The Federal Reserve has implemented a policy of tightening monetary policy in preparation for a recession. The recovery has been one of the longest in history lasting for 10 years and they are aware that a recession is long overdue. A series of rate hikes have been implemented in an attempt to give the Fed some wriggle room should a recession materialize. At the FOMC meeting held on 19th December 2018 the Fed voted to raise the target range for the fed funds rate to 2.25% - 2.50%. This allows them to implement a rate cut should it become necessary.

We are of the opinion that there will be no more rate hikes this year and that there is a strong possibility of a rate cut due to an economic slowdown in the US as evidenced by the Feds lowering of their economic growth projections for this year by a full percentage point to 2.1%.

There is also the possibility of the Fed re-introducing Quantitative Easing (QE) which would cause the value of US Dollar to diminish.
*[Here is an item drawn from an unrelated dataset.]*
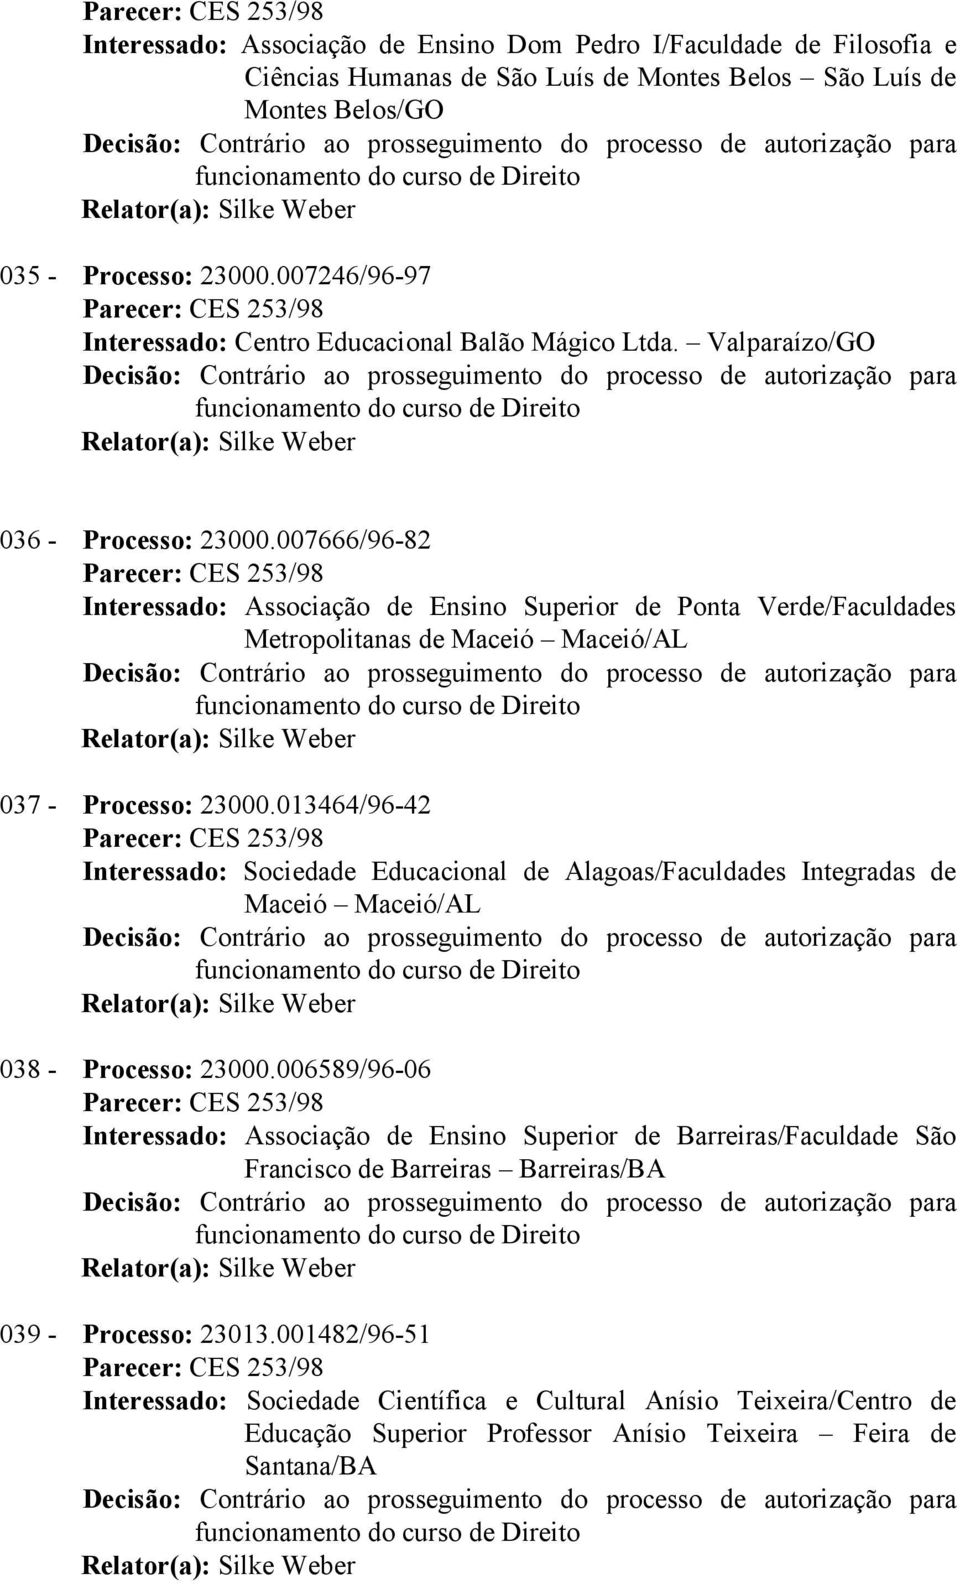 007666/96-82 Interessado: Associação de Ensino Superior de Ponta Verde/Faculdades Metropolitanas de Maceió Maceió/AL 037 - Processo: 23000.

This is likely to lead to an increase in gold prices due to the inverse relationship between gold and the US Dollar being alive and well as supported by the historical data of rate cuts being implemented after the 2008 financial crash which was followed by a period of aggressive rate cutting and a dramatic rally in gold prices from 2009 to 2011.

Taking a quick look at the chart we can see that the US Dollar has had numerous attempts at breaking resistance at the 97 level from October 2018 to April 2019 and failed. The only explanation we can offer as to why it hasn't fallen further at this point is due the currencies of the Japanese Yen and the Euro. The value of these two currencies have been falling, making the US Dollar look the best of a bad bunch.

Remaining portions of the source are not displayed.